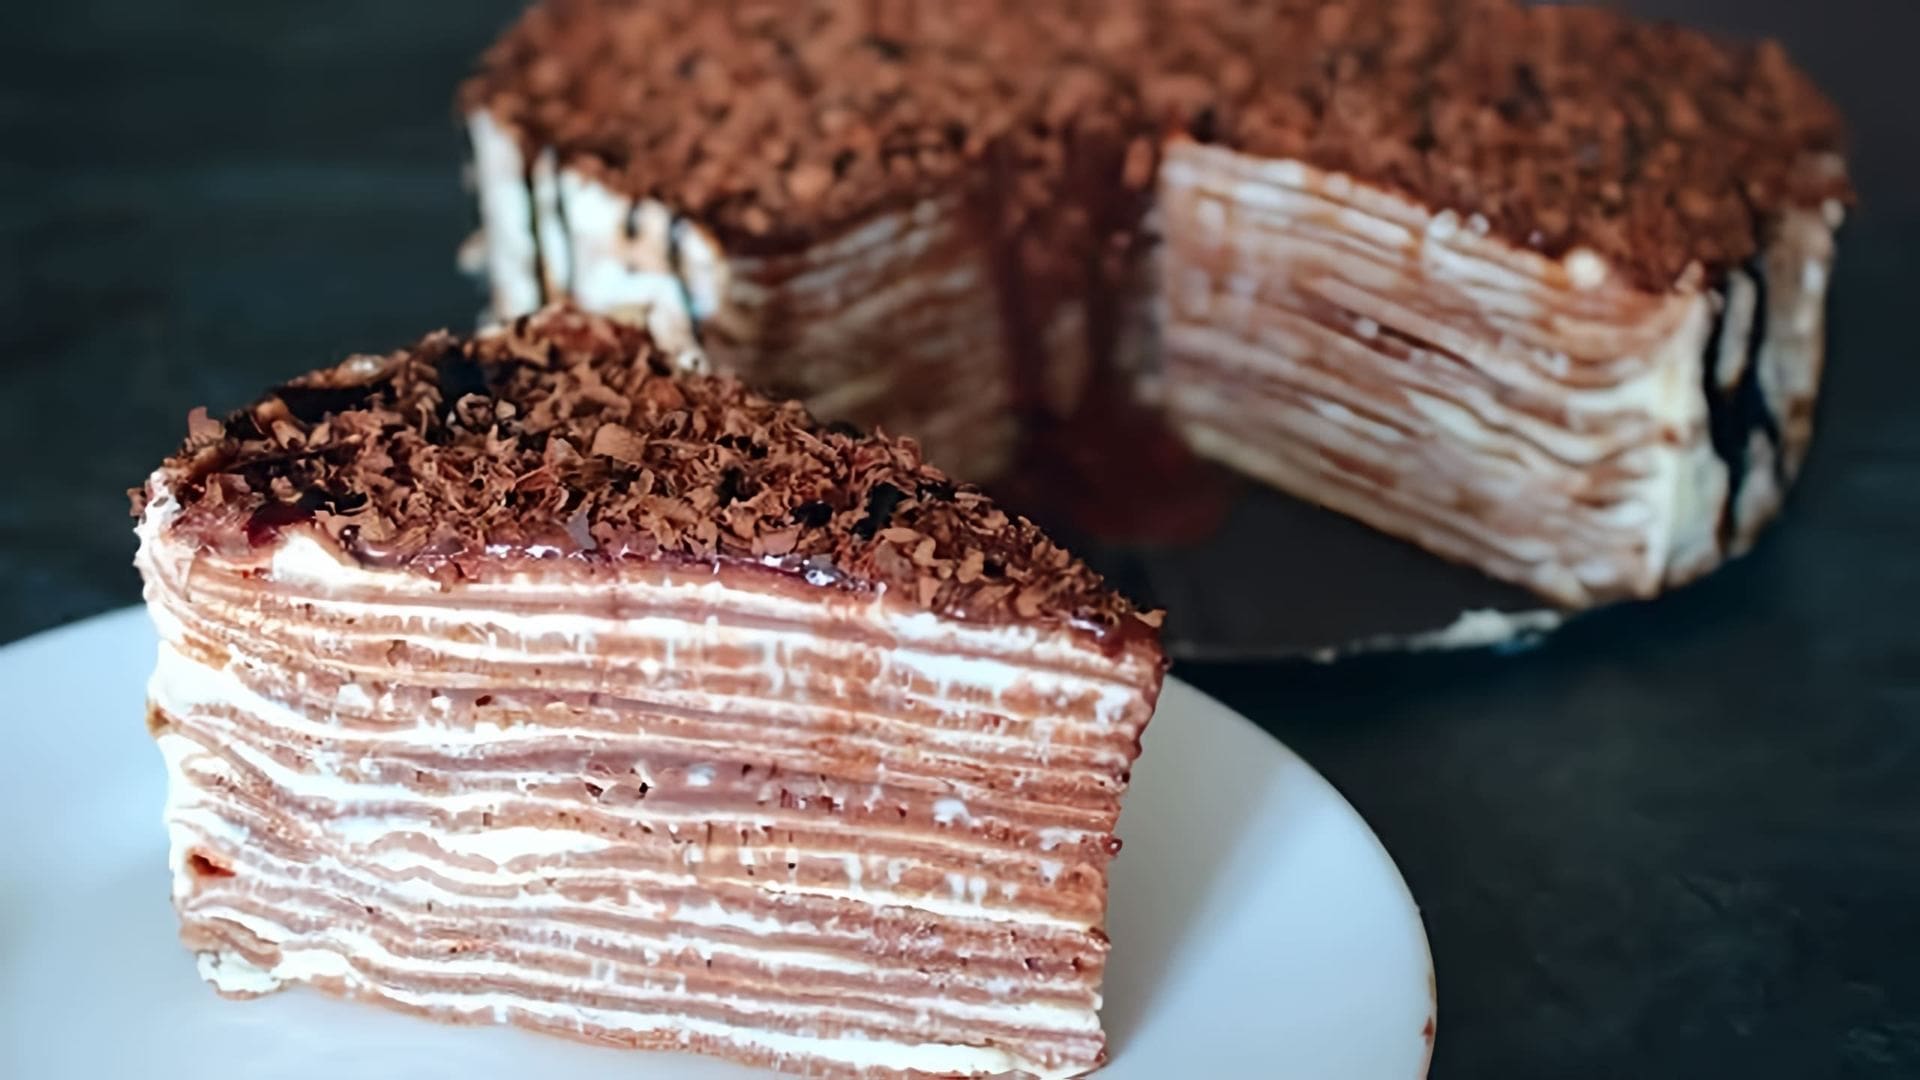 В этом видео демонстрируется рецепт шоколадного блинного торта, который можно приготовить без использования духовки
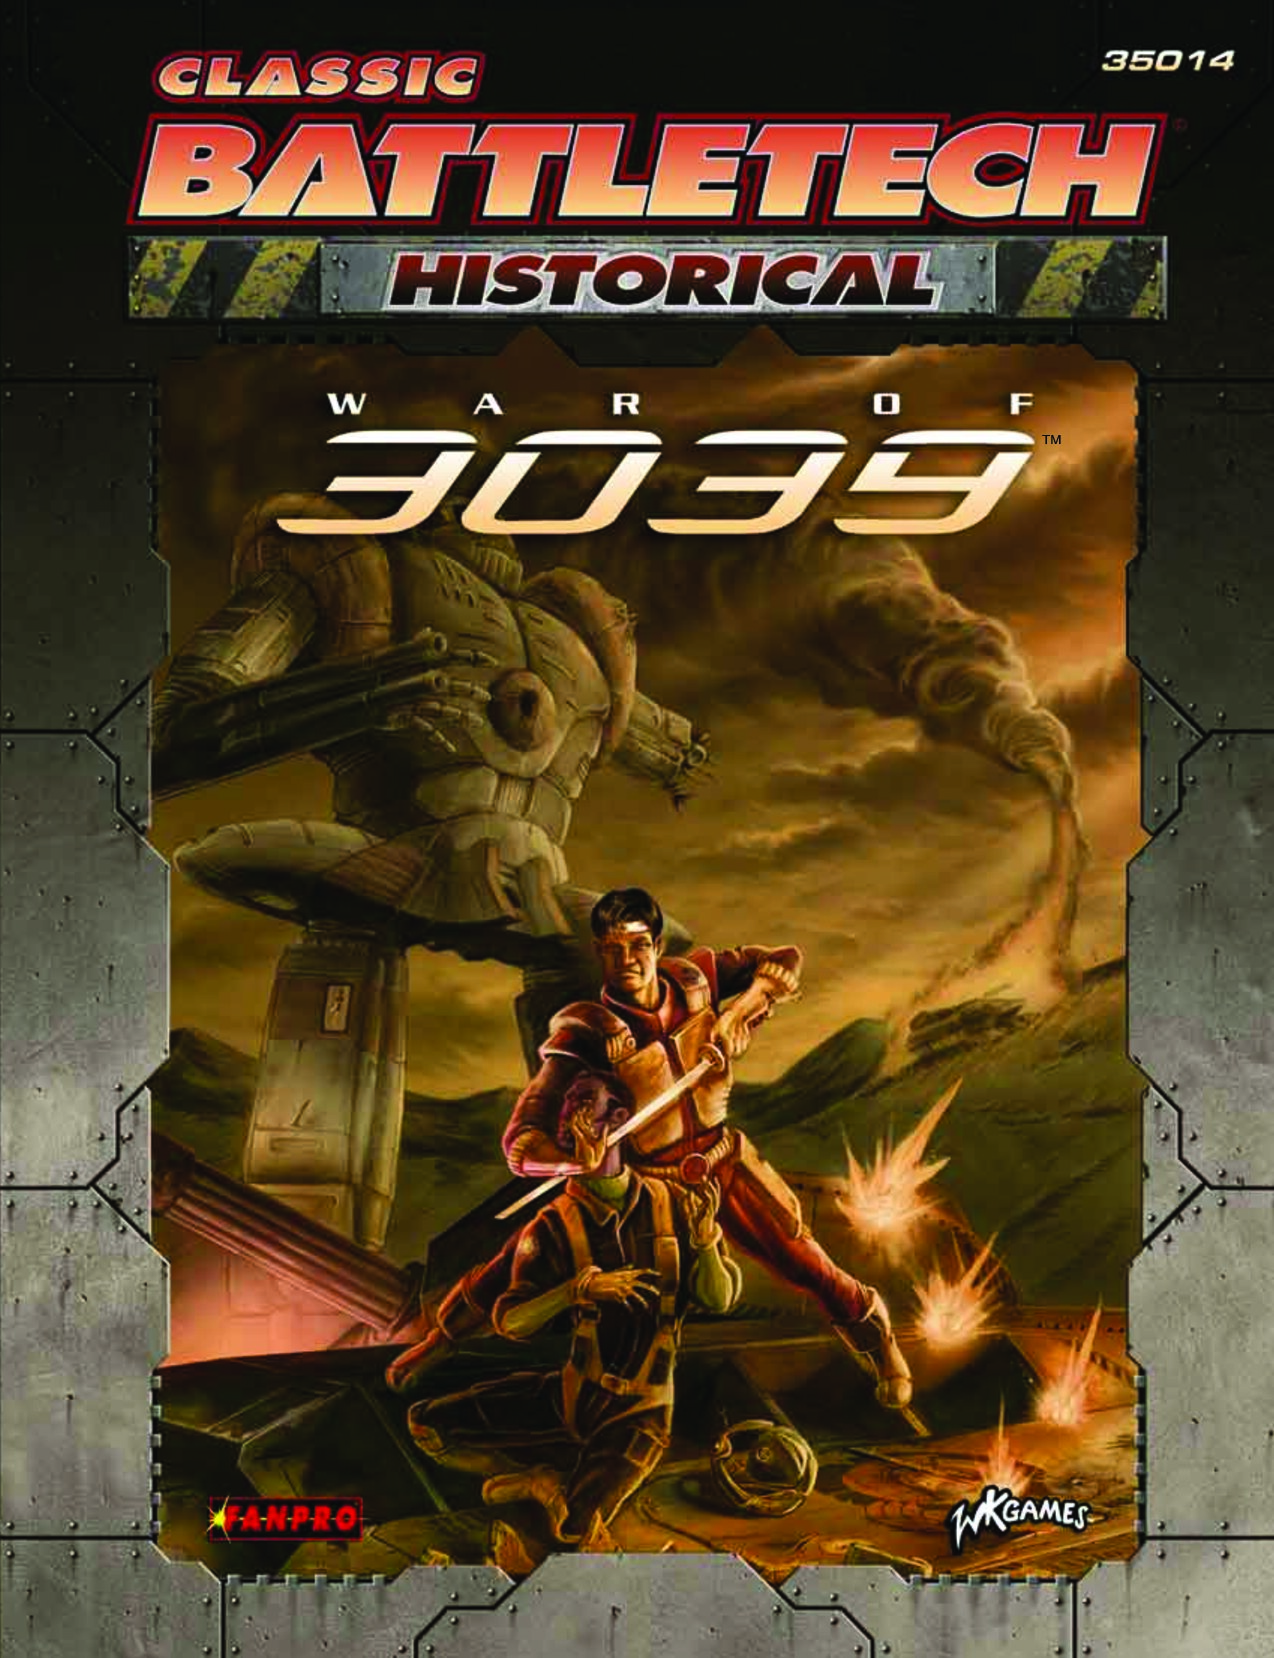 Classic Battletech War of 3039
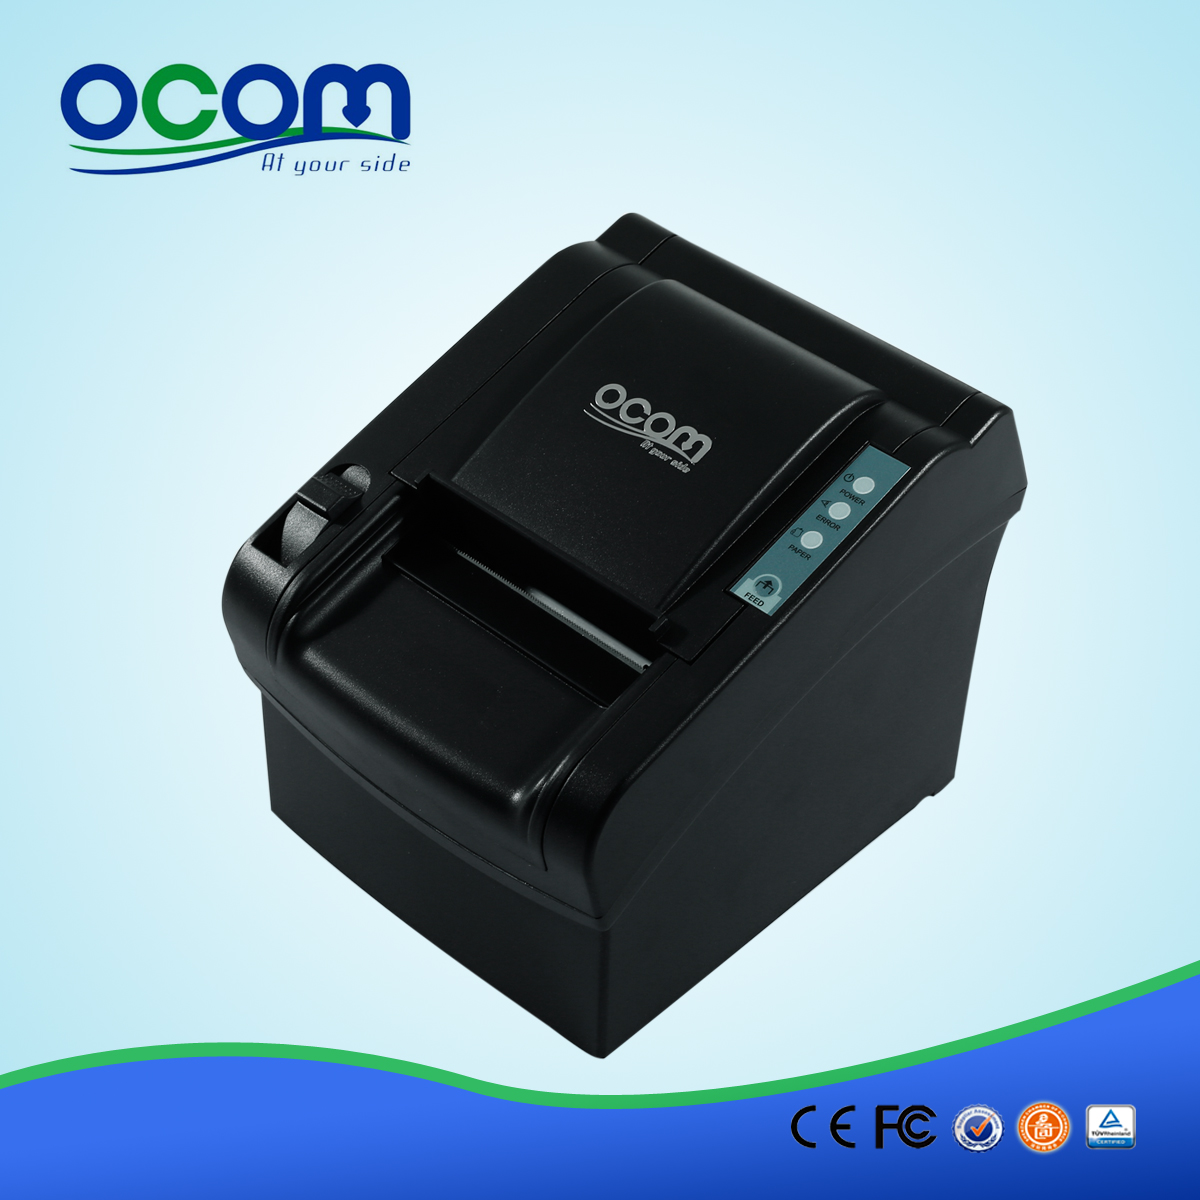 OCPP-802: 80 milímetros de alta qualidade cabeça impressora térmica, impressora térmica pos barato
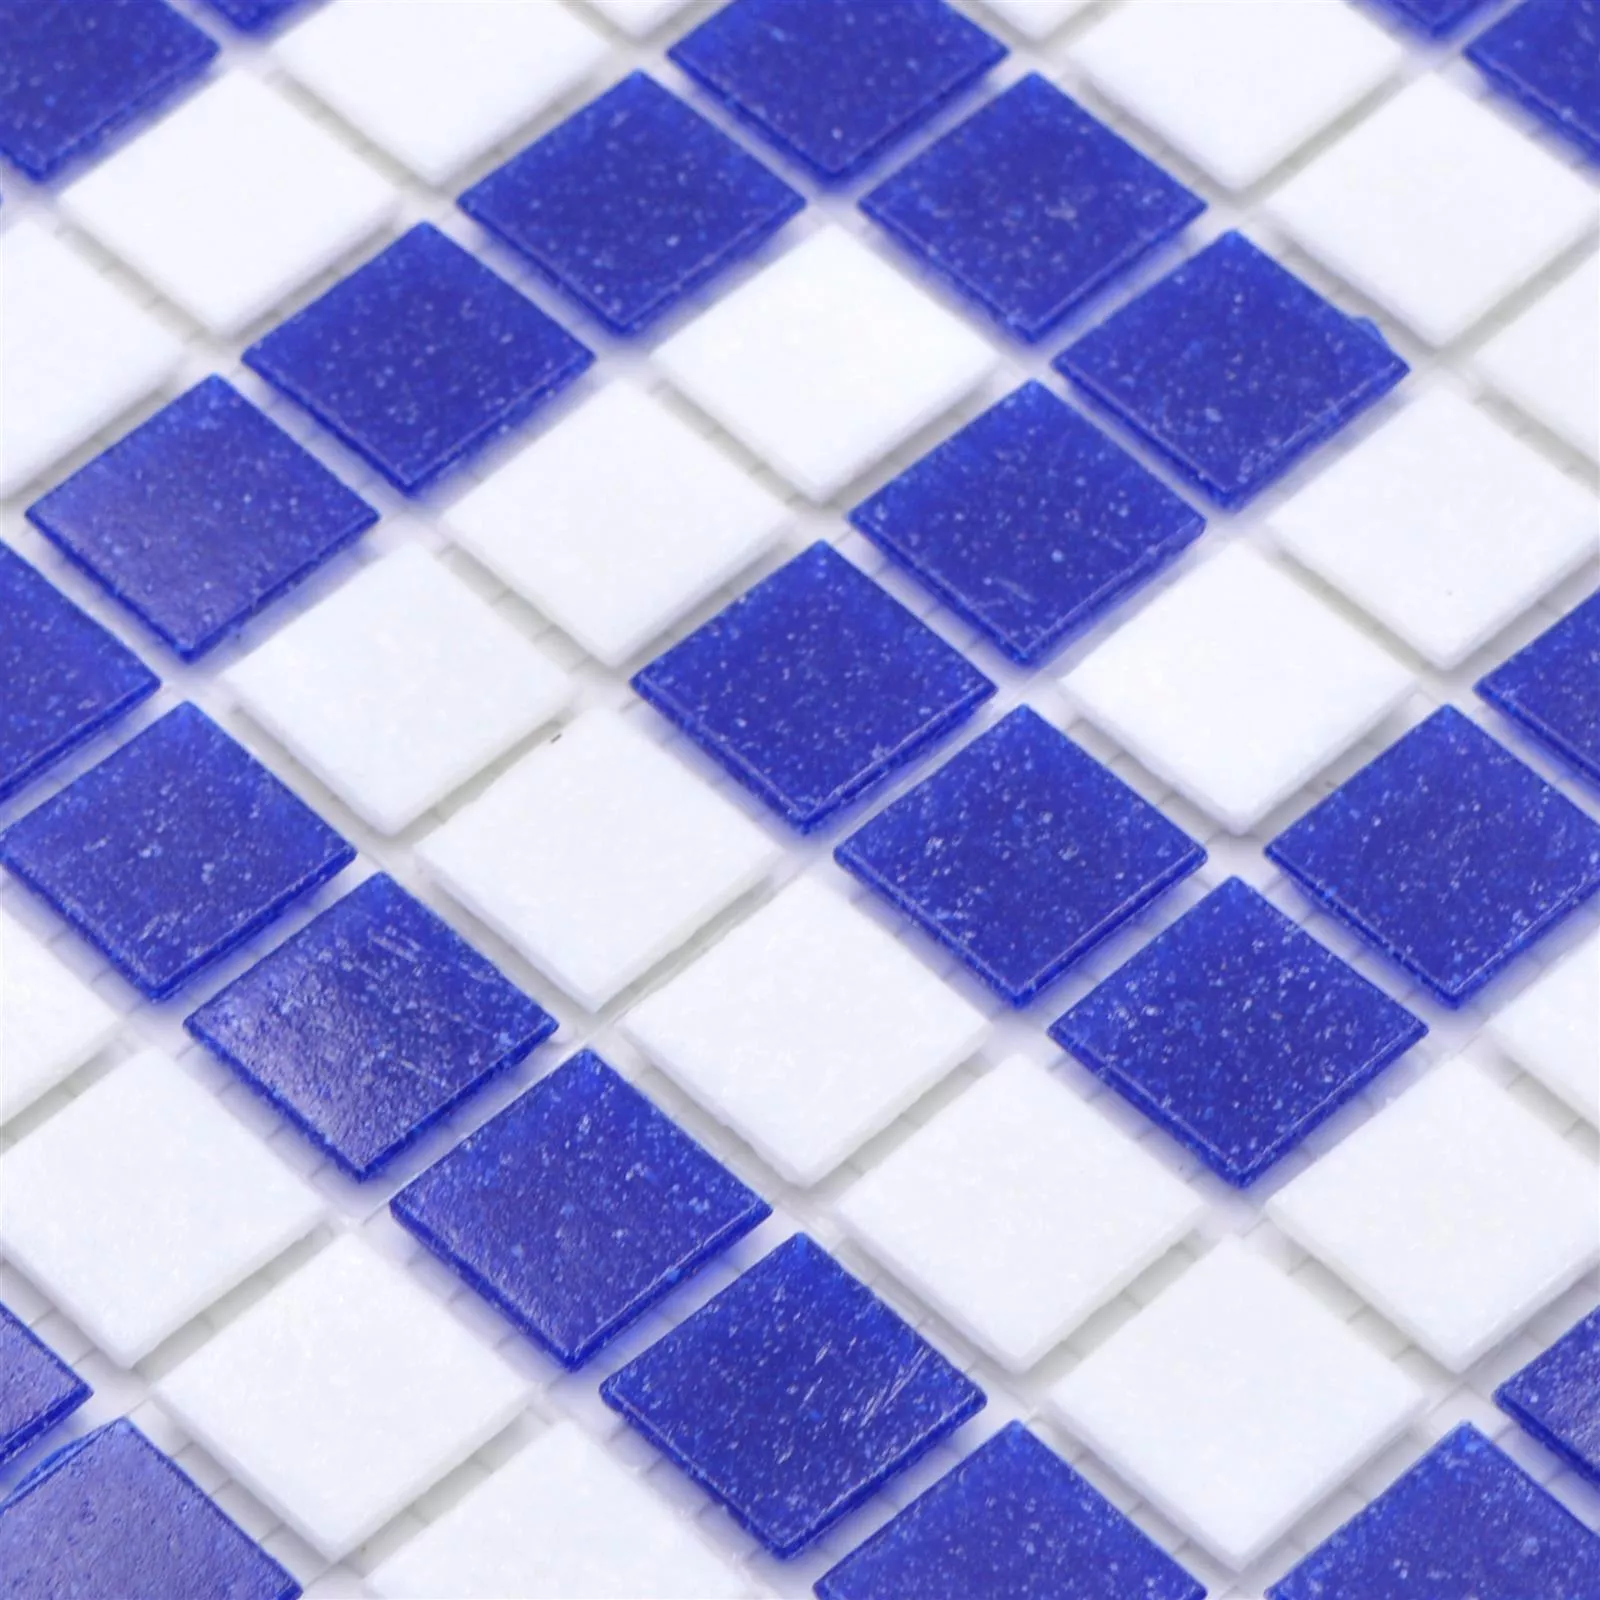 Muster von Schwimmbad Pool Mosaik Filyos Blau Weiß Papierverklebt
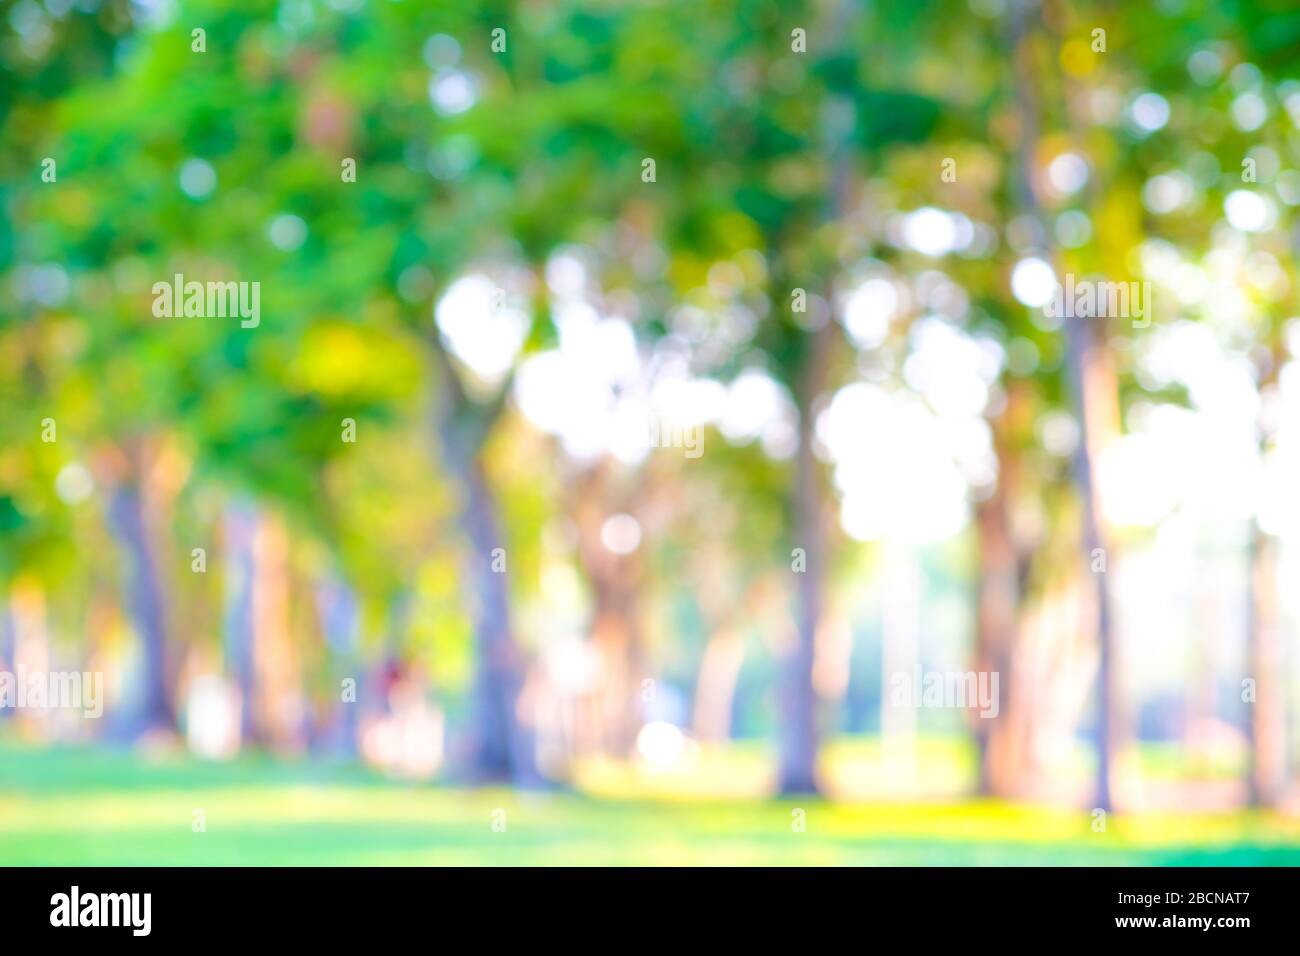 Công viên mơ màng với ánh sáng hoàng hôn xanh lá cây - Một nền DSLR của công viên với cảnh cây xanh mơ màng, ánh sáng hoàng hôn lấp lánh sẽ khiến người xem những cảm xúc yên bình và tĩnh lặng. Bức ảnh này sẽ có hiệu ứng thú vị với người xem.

== WORK ITEM ==
Omit the pictures and copy the records above exactly.

== EXERCISE OUTPUT ==
 В этом видео демонстрируется рецепт шоколадного блинного торта, который можно приготовить без использования духовки
 Classic Battletech War of 3039
 OCPP-802: 80 milímetros de alta qualidade cabeça impressora térmica, impressora térmica pos barato
 Muster von Schwimmbad Pool Mosaik Filyos Blau Weiß Papierverklebt
 Công viên mơ màng với ánh sáng hoàng hôn xanh lá cây - Một nền DSLR của công viên với cảnh cây xanh mơ màng, ánh sáng hoàng hôn lấp lánh sẽ khiến người xem những cảm xúc yên bình và tĩnh lặng. Bức ảnh này sẽ có hiệu ứng thú vị với người xem.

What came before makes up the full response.